I finally gave in and bought a nice camera, so of course my rats were my first victims. 

Anyways, meet my rats Basil and Rue! (left to right)





















They're younger girls, obviously. I assume Basil is just about a week or so older than Rue judging on size.


----------



## Arashi (Feb 4, 2012)

They're cute, they almost look like mice


----------



## Rat lover (Dec 28, 2011)

Love the names! Can I ask is the name Rue from the hunger games? P.S. Love the markings on them!


----------



## Malcolmratdad (Mar 29, 2012)

Aw they're still teeny  very cute girls and great names!


----------



## kriminologie (Mar 16, 2012)

The names amuse me, because one of my rats was named Basil by his original owner and I renamed him Roux!


----------



## liberationofallkinds (Mar 2, 2012)

Haha, I will admit I did name Rue after the little girl in the Hunger Games. She was one of my favorite characters even though she was so short lived. Also, the rat, like the character, is very quick and quiet.


----------



## Rat lover (Dec 28, 2011)

liberationofallkinds said:


> Haha, I will admit I did name Rue after the little girl in the Hunger Games. She was one of my favorite characters even though she was so short lived. Also, the rat, like the character, is very quick and quiet.

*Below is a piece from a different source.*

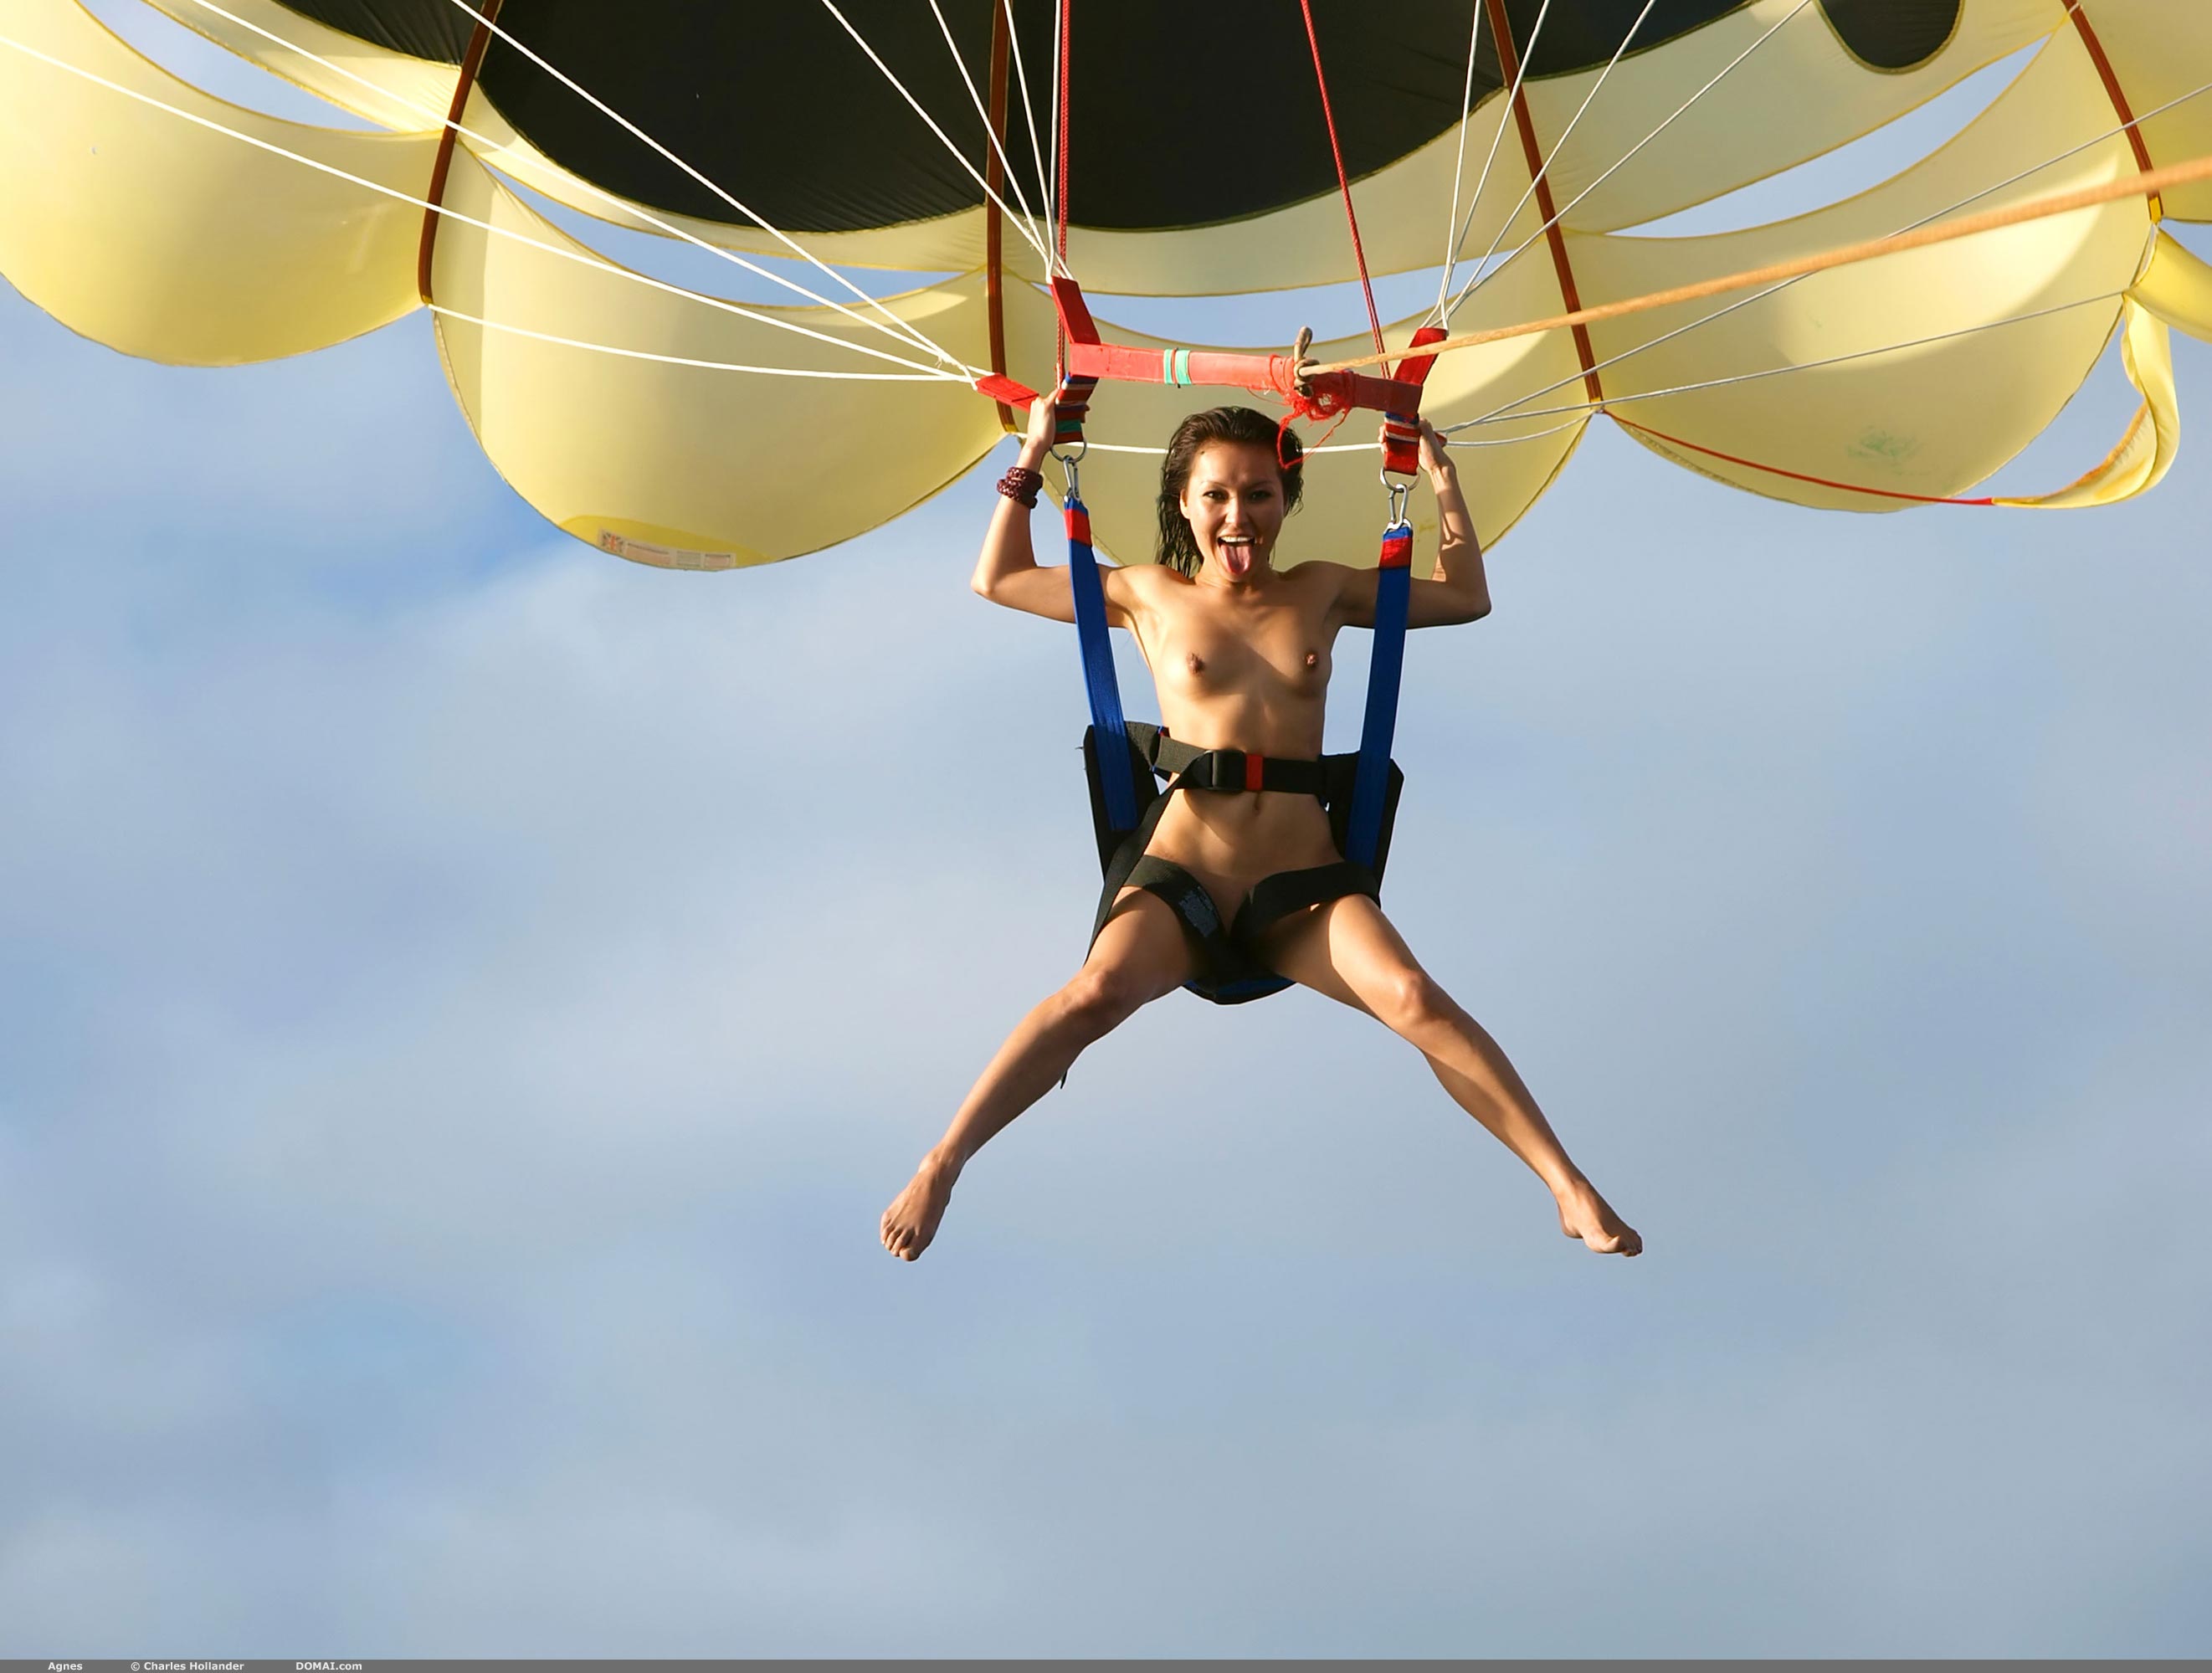 В США супруги решились на интим во время прыжка с парашутом - фото - Апостроф

 I also loved Rue! Rue the rat even sounds like Rue in the book being fast and agile!


----------



## Babs (Jan 26, 2012)

Omg, I have a male rat called Basil and a female rat called Roo, but we spell it differently, obviously! *High five* Your girls are gorgeous


----------



## Arashi (Feb 4, 2012)

That's quantum entanglement for you!


----------



## PitterPatter (Feb 28, 2012)

The lighter one's face pattern looks like a target! They're cute.


----------



## RatzRUs (Feb 5, 2012)

I may end up rat napping them


----------



## liberationofallkinds (Mar 2, 2012)

They're pretty adorable! Just still having trouble trusting me.


----------



## cuddleb0t (Oct 10, 2011)

Beautiful rats. <3 I have the same cage ^.^


----------



## binkyhoo (Sep 28, 2008)

It is a hallo that the little blue is wearing. Sweet.


----------



## Axelmyrat (Dec 5, 2010)

They are adorable!


----------



## RatsWorld-09 (Apr 10, 2012)

Lol they look like two peas in a pod!


----------



## autumnrek23 (Dec 8, 2011)

They're so cute! Love their names


----------



## catsandscales (Oct 21, 2010)

SO CUTE... aww I miss my ratties.


----------